The incident in question unfolded when Colquitt County (Ga.) High fell to Lowndes (Ga.) High, 17-14, in a Friday night upset. Colquitt County is coached by Rush Propst, the former coach of Hoover (Ala.) High who gained fame for the time when that program was featured on the MTV show "Two-A-Days."

Propst has remained a significant and controversial figure ever since, and he's certainly not one to shy away from letting people know when something has upset him.

On Friday, Propst was perturbed by the actions of the Thomas County (Ga.) Central High coaching staff, which watched the Colquitt-Lowndes game during their team's week off from action. As documented by the Thomasville Times Enterprise, Thomas County Central head coach Bill Shaver and one of his assistants, Mike Singletary, were clearly watching the game from an area behind one of the end zones, but one of the program's other assistants, Buzz Payne, was also at the game.

In fact, Payne was caught on video sitting directly beneath the Lowndes coaching press box with a pair of binoculars. Propst, who had previously employed Payne as an assistant on his own staff, has been accused of passing on signs from the sidelines to tip off the Lowndes coaches, helping a team he had no direct connection to knock off a coach he has a past history with at a district rival.

"There's no way that should happen," Propst told the Moultrie Observer about Payne's appearance with binoculars on the Lowndes side of the field. "And we let it happen."

Regardless of Propst's protestations, the Georgia High School Association has already declared that the results of the game will remain final.

While Shaver was adamant about his own innocence and that of Singletary, he fell short of that when asked about Payne.

"He had the night off. We didn't have anything assigned for him to do. What coach Payne does in his own time is his business," Shaver said. "I don't know what coach Payne did. They fired coach Payne two years ago. They played against coach Payne last year when he was at Valdosta.

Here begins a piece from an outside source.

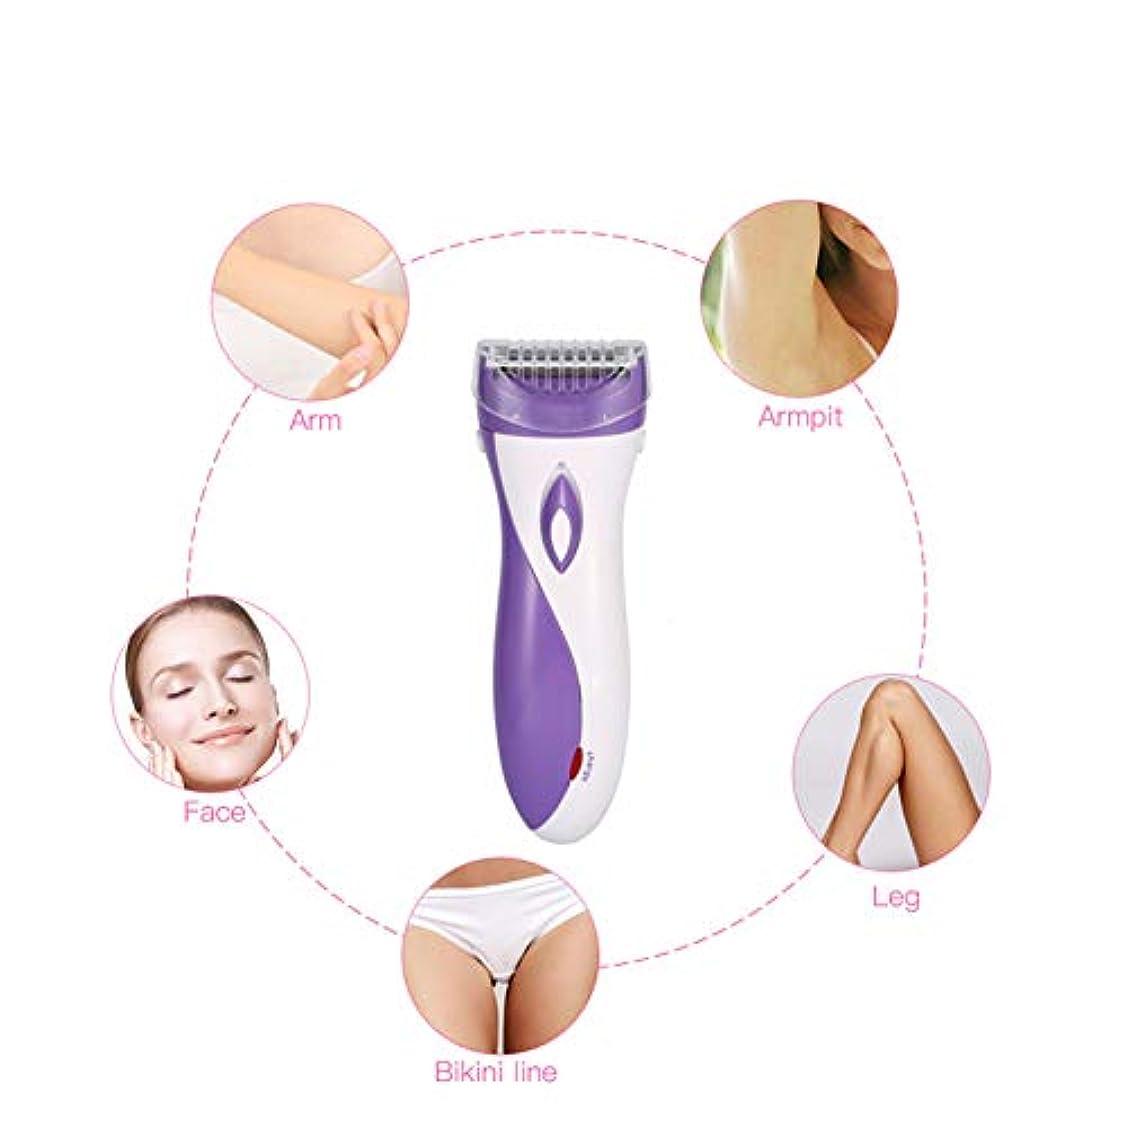 夏逃げる一般女性の電気毛の除去剤、ボディ顔の毛の除去剤、小型方法女性首の足のビキニのトリマー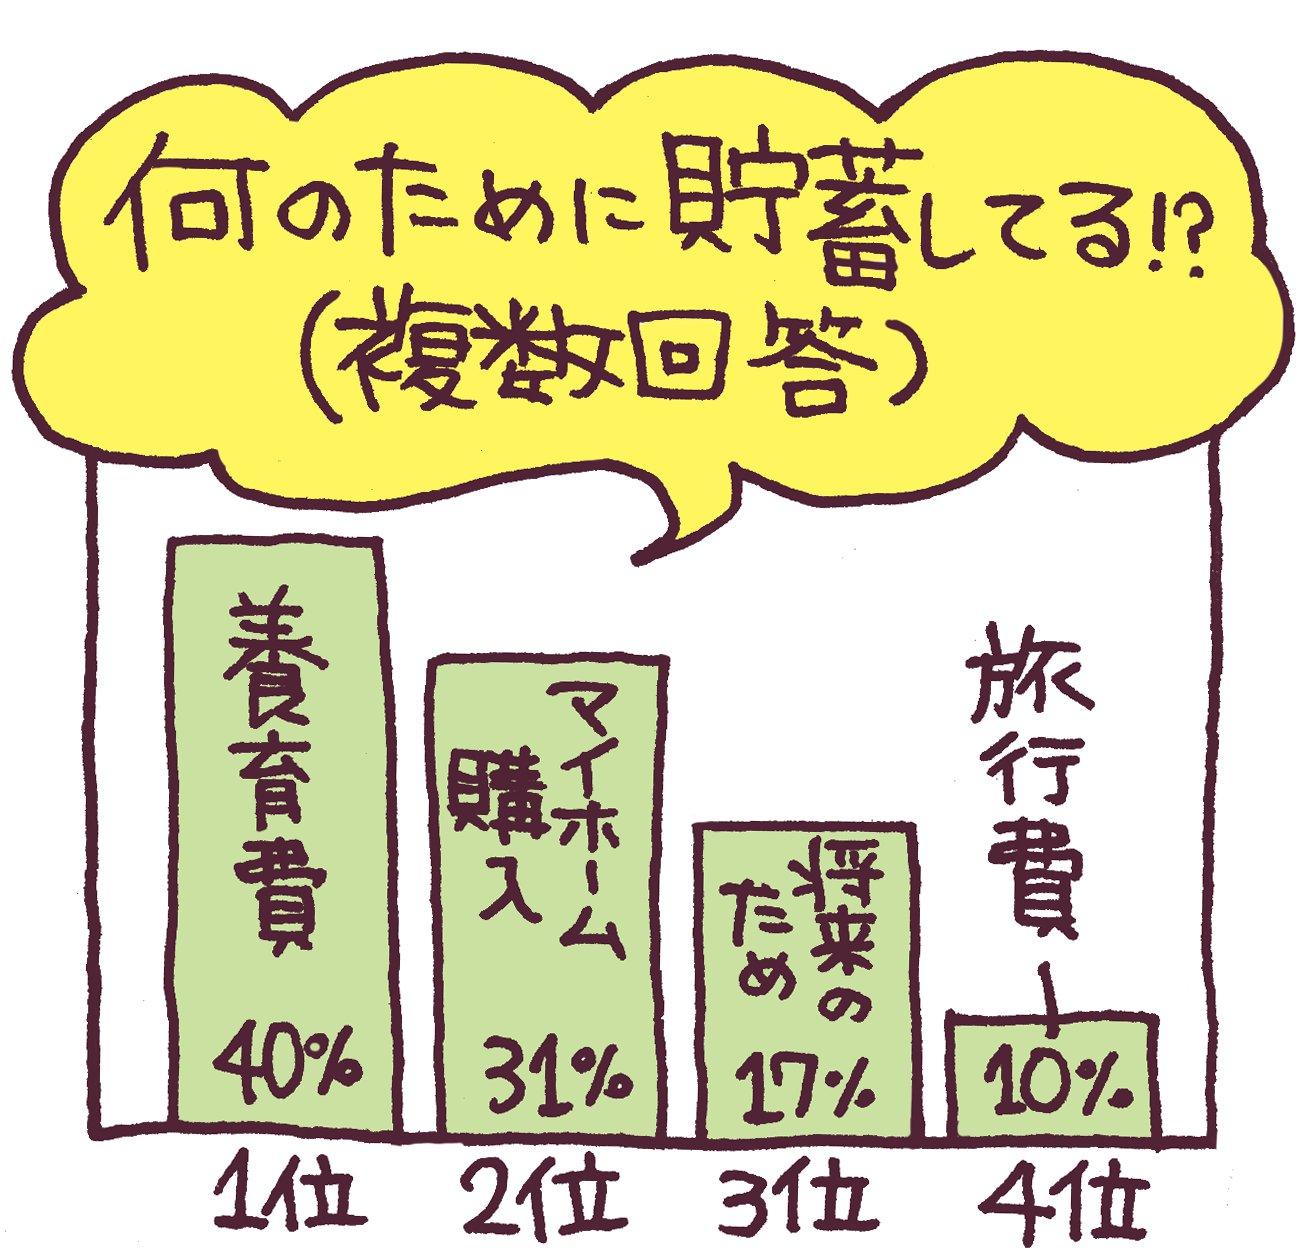 貯蓄目的のグラフ

"If Coach Payne could steal signs, then we sure would have stolen from them and tried to hold them underneath 35 points (this year when we played them).

"They couldn't move the ball on Lowndes. They shouldn't blame anybody for not being able to move the ball except themselves."

Of course, Payne had plenty of other things to do when Thomas County Central was playing Colquitt County, among them helping his own team try and deal with a dramatically more effective Colquitt offense than the one on display last night. While Propst's team was held to 14 points in its loss on Friday, it scored a whopping 35 in beating Thomas County Central, 35-33, on Aug. 31. That remains Thomas County Central's only loss of the 2012 season.

So, was Payne sign stealing out of sour grapes from his own past with Propst? Was he doing it to help Lowndes knock off Colquitt and drive down the state ranking of Propst's team, potentially helping Thomas County's stock in the process? Or was the entire incident just one big misunderstanding?

Whatever it was, it has the Georgia prep football community up in arms, with plenty of opinions about a case which is unseemly at best and outright bad spirited and unfair at worst.